REVIEW SUMMARY: A revenge fantasy that misses its potential to reinvent the Robin Hood mythos and examine real problems.
PROS: Interesting use of the Robin Hood mythos; novella length allows for the fleshing out of some elements of the story; great cover and interior illustrations by Charles Vess, the book itself is a beautiful edition, typical of Subterranean Press’ standards.
CONS: Appears to espouse an overly simplistic and destructive redistribution of wealth ideology; plot line of destined lovers is jarring against a background of violence; shines a light on real problems without offering any real solutions; the fairy-tale wish-fulfillment ending is hard to stomach against the plight of mundane world characters.

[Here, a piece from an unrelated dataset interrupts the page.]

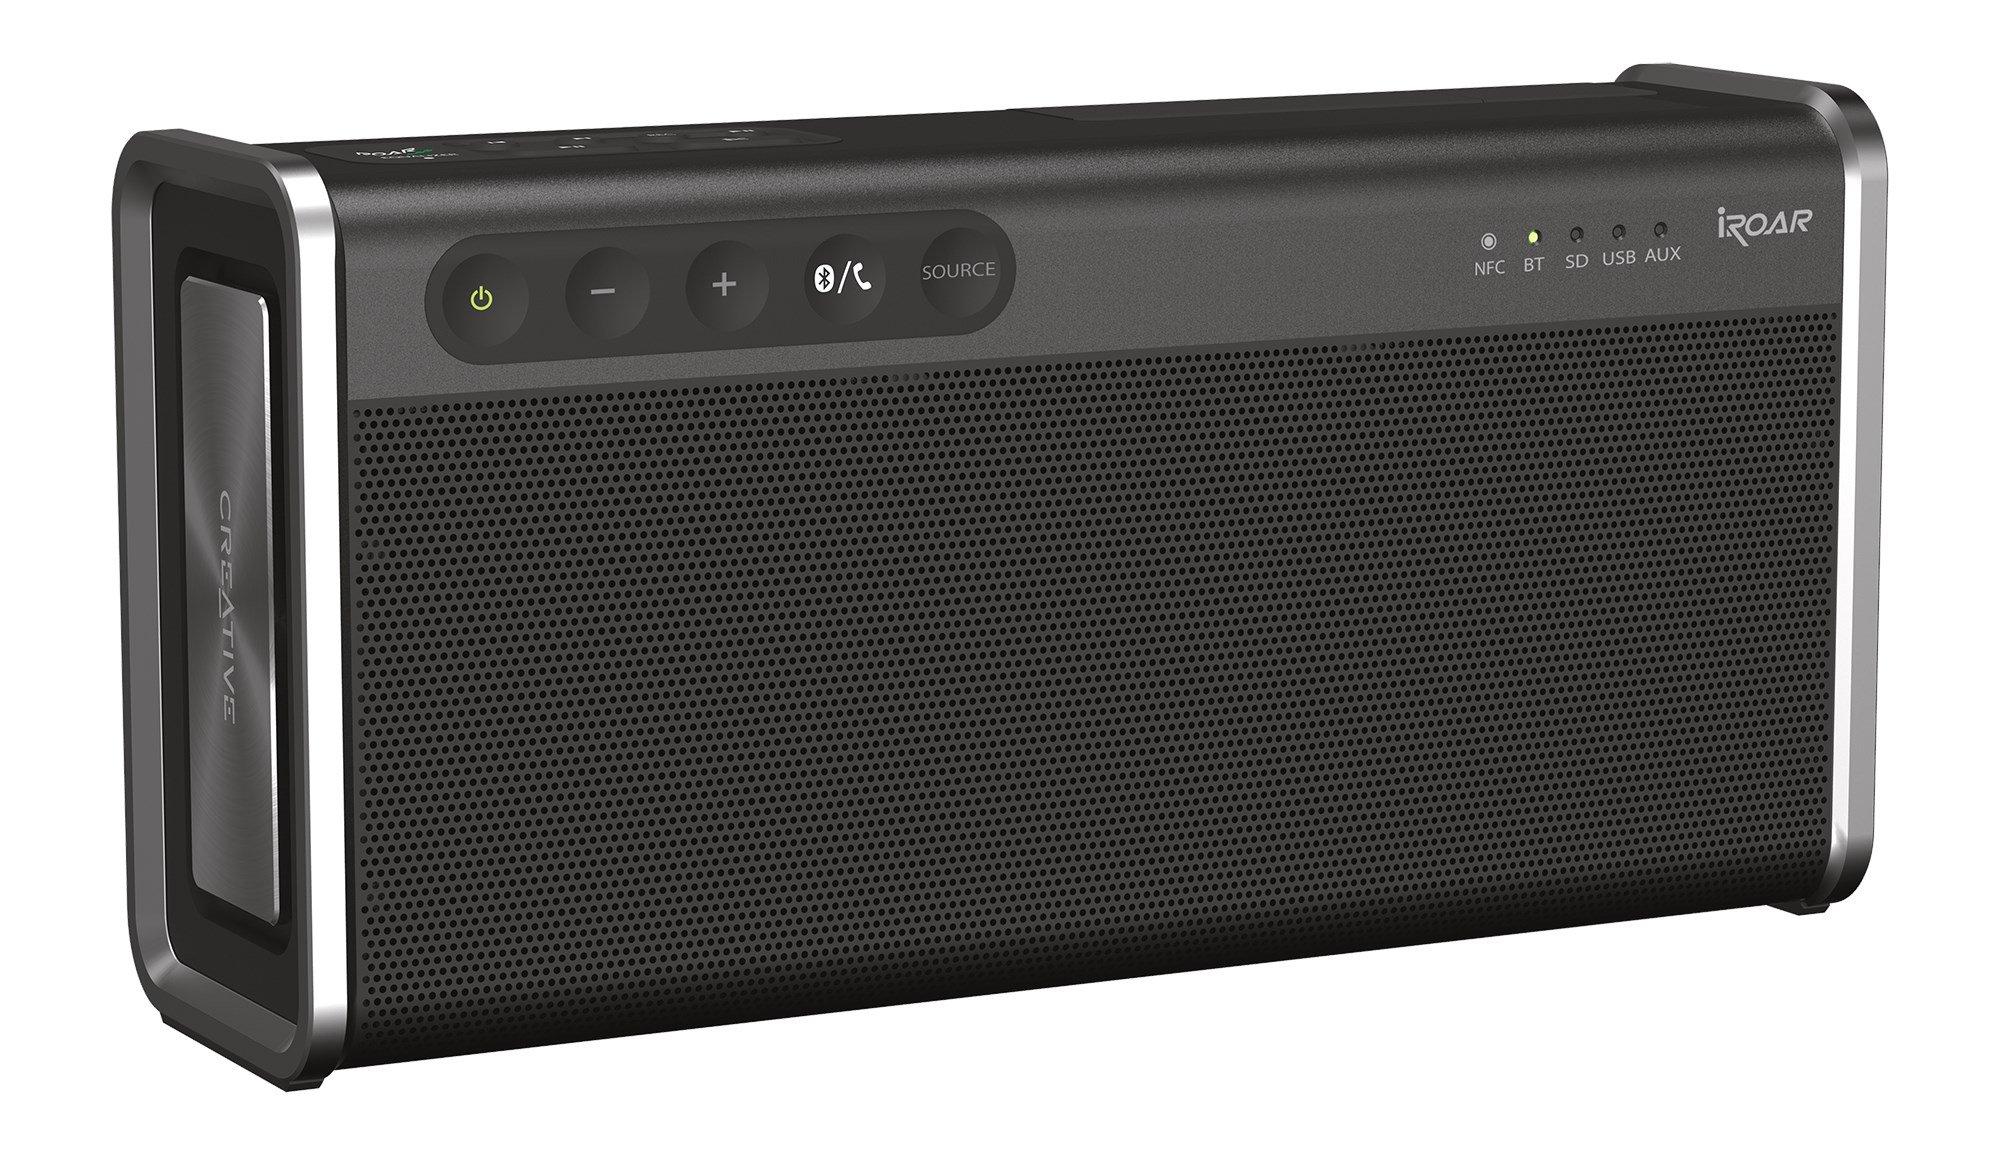 Creative iRoar Go Intelligent Splash-proof Portable 5-Driver Bluetooth Speaker with SuperWide Technology

BOTTOM LINE: Given my familiarity with Charles de Lint’s work and his long history of tackling difficult subjects like poverty and abuse and inequality with honesty, creativity and a sense of hope amidst despair, I was wholly unprepared for a story that exposed real issues in a cliched fashion while offering nothing in the way of hope, with the exception of characters who were not worthy of the hope they receive. In the end this felt like little more than a revenge fantasy built on a very thin mythical foundation. If it is meant to be an indictment on the Robin Hood mythos, it is incredibly successful. If it has another purpose, it falls well short of its aim.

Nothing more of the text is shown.